• _WHAT THIS TASK INVOLVES_:
Your output should match the listing below word for word, without any images.

• _DATASET CONTENT_:
________

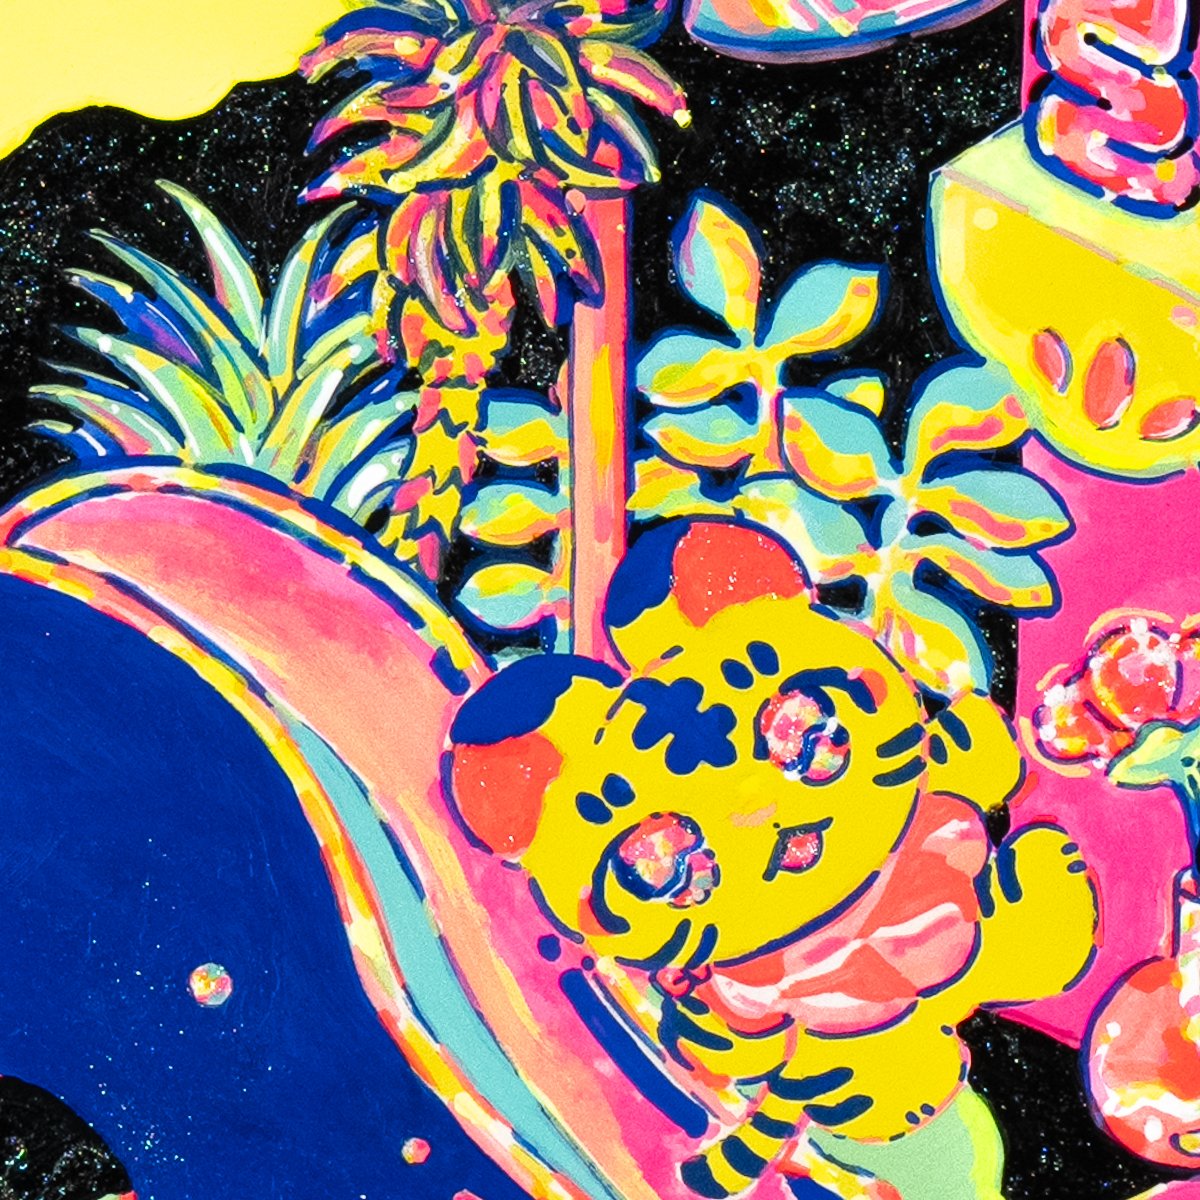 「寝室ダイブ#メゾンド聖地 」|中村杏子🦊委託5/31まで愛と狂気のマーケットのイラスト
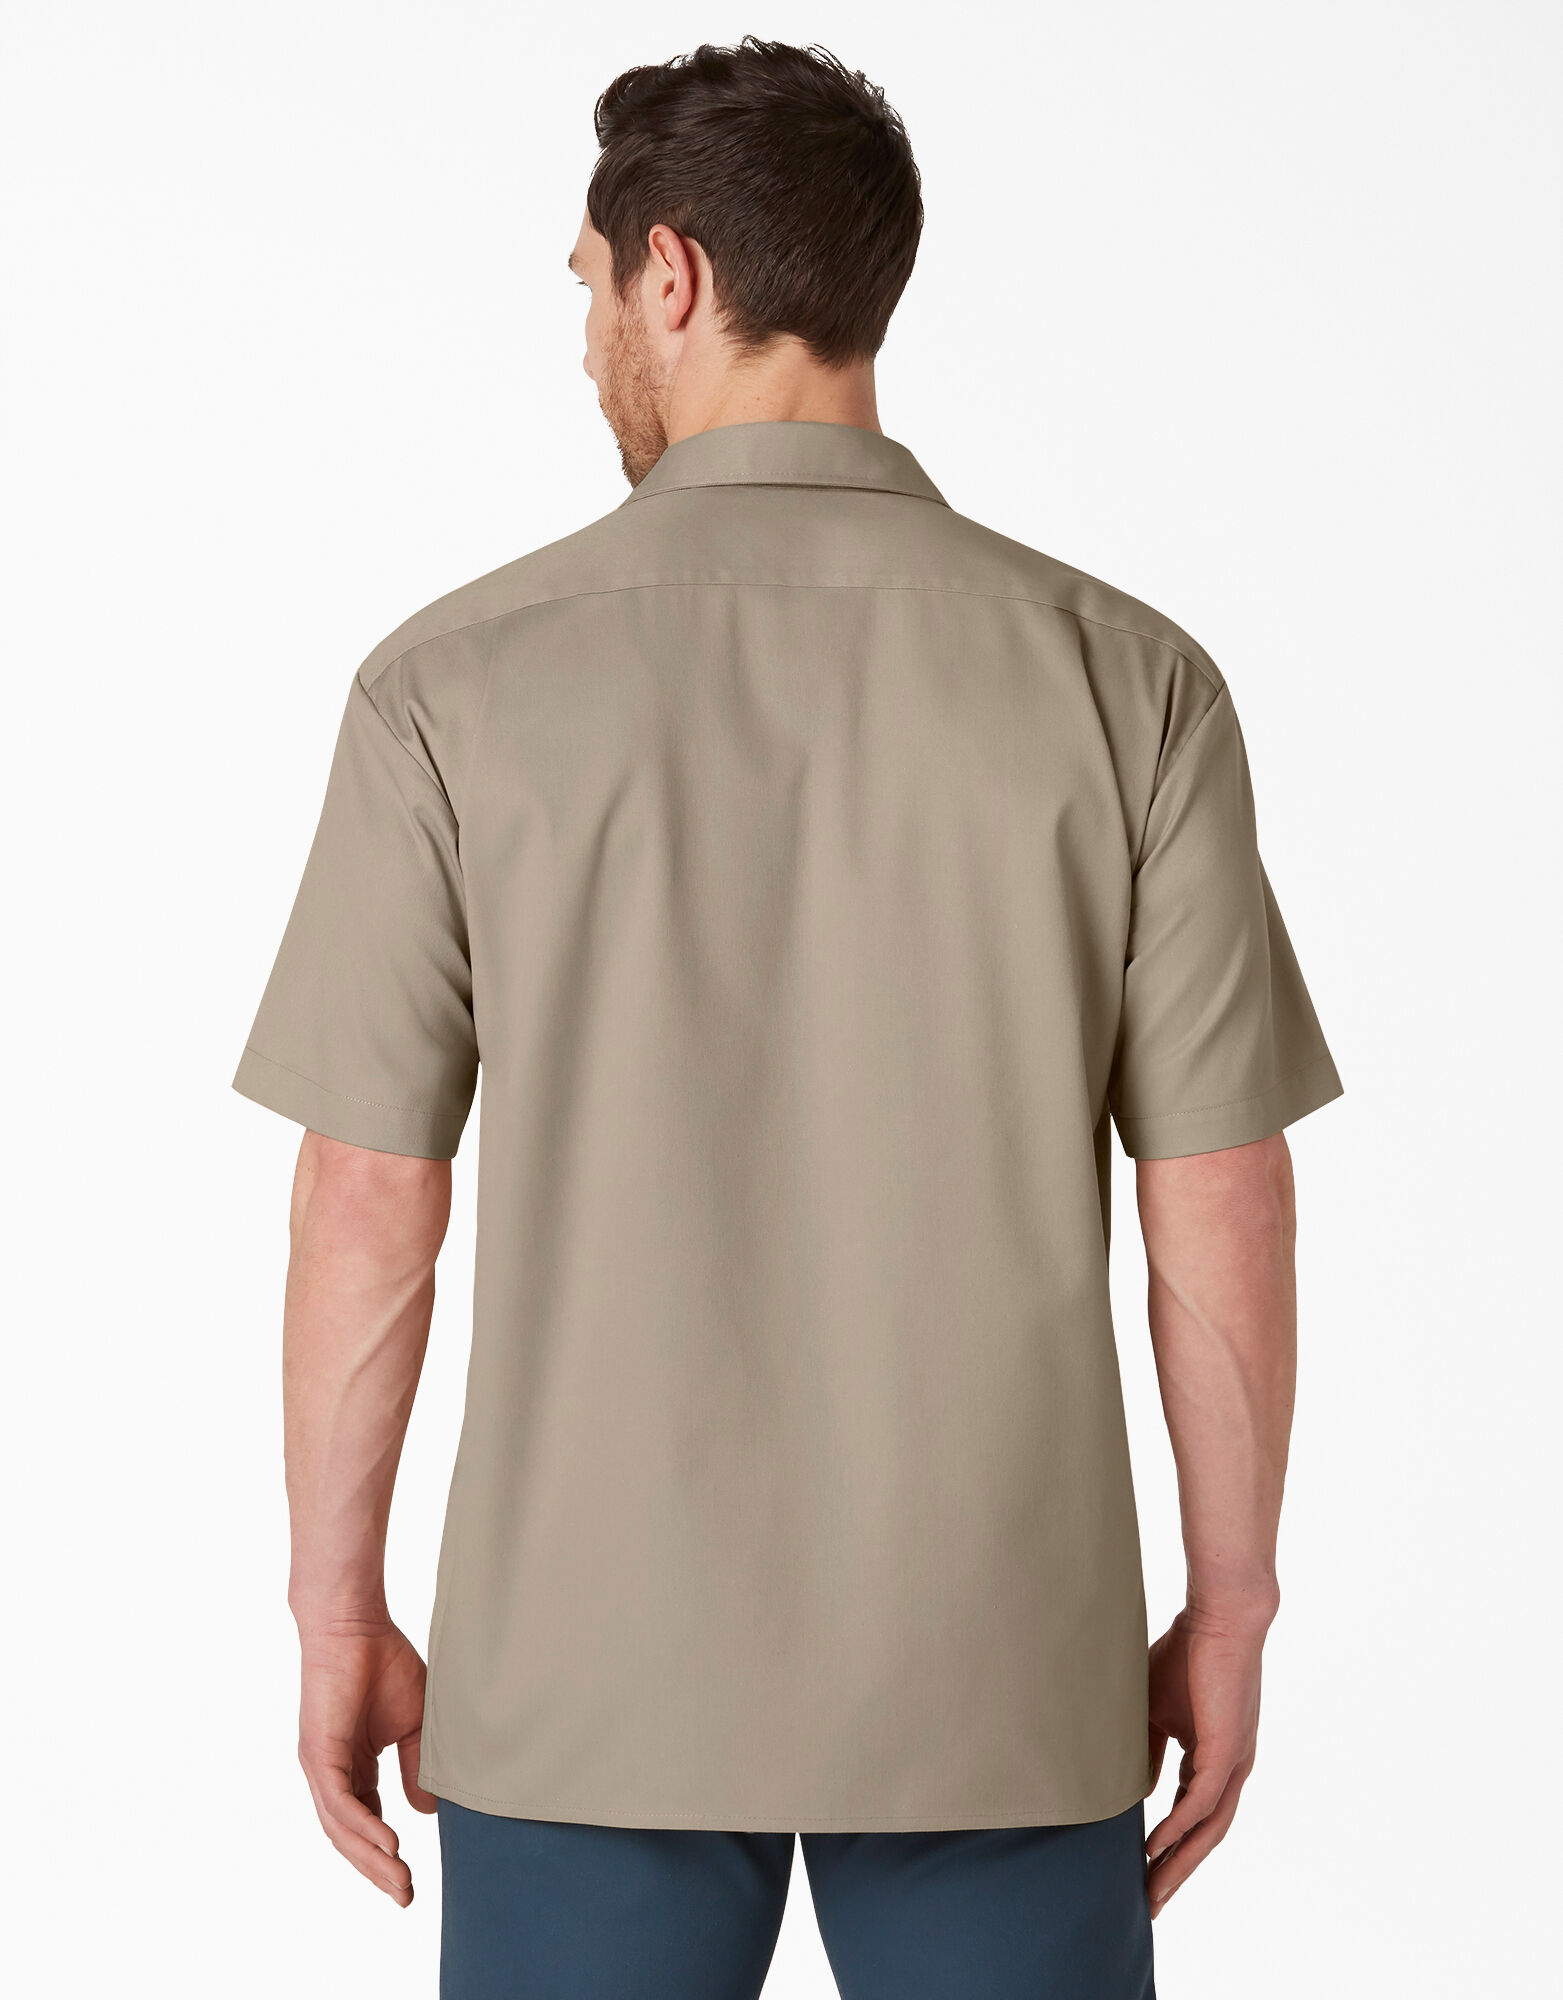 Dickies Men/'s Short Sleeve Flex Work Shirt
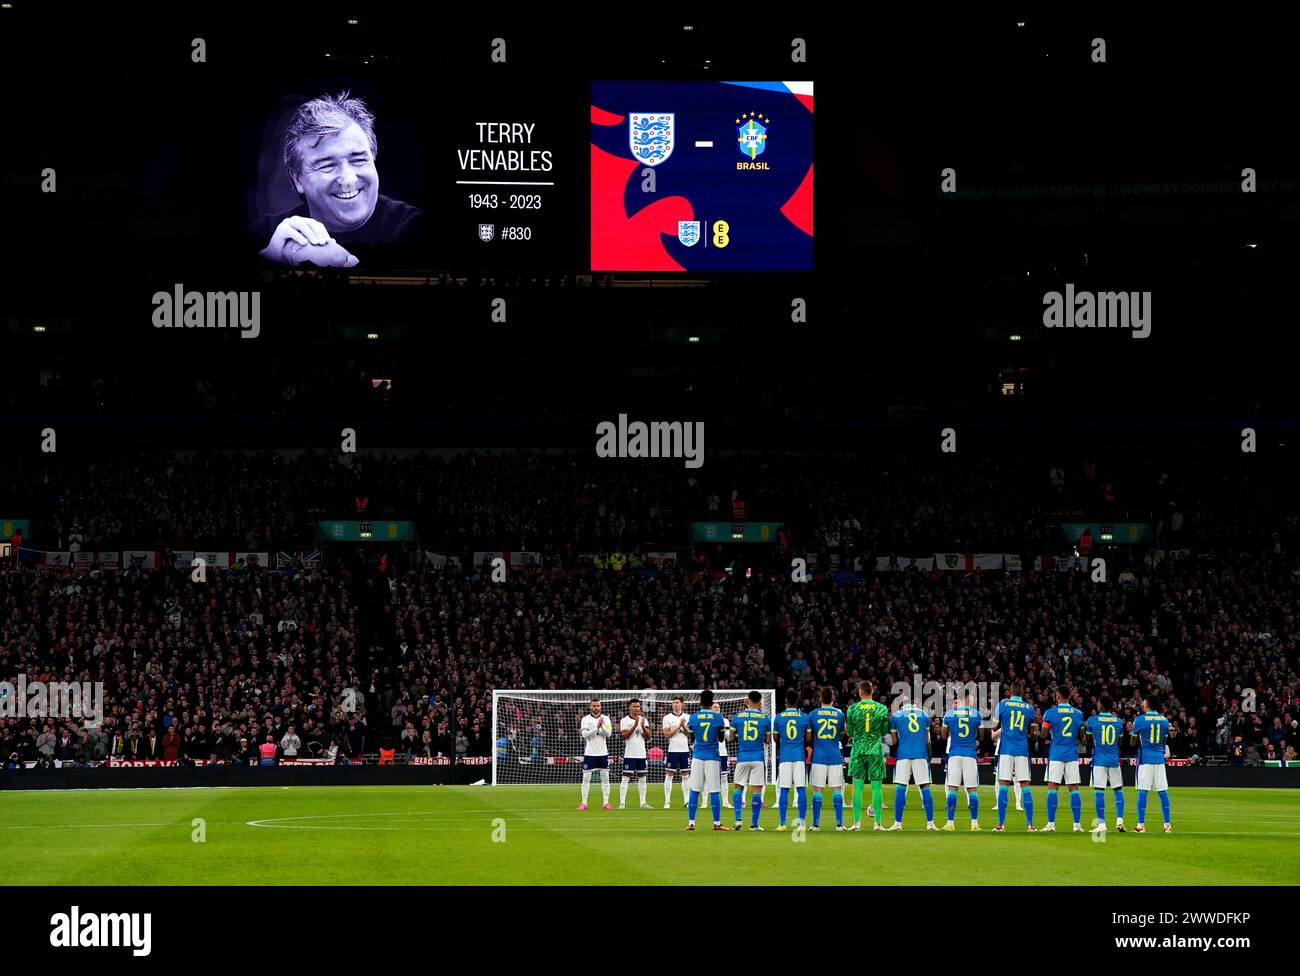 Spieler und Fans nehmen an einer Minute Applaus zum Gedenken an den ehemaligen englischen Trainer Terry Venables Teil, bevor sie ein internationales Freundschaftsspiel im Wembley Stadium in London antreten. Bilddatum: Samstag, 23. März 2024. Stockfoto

________

• _RESULT_:
 「寝室ダイブ#メゾンド聖地 」|中村杏子🦊委託5/31まで愛と狂気のマーケットのイラスト
 Dickies Men/'s Short Sleeve Flex Work Shirt
 Spieler und Fans nehmen an einer Minute Applaus zum Gedenken an den ehemaligen englischen Trainer Terry Venables Teil, bevor sie ein internationales Freundschaftsspiel im Wembley Stadium in London antreten. Bilddatum: Samstag, 23. März 2024. Stockfoto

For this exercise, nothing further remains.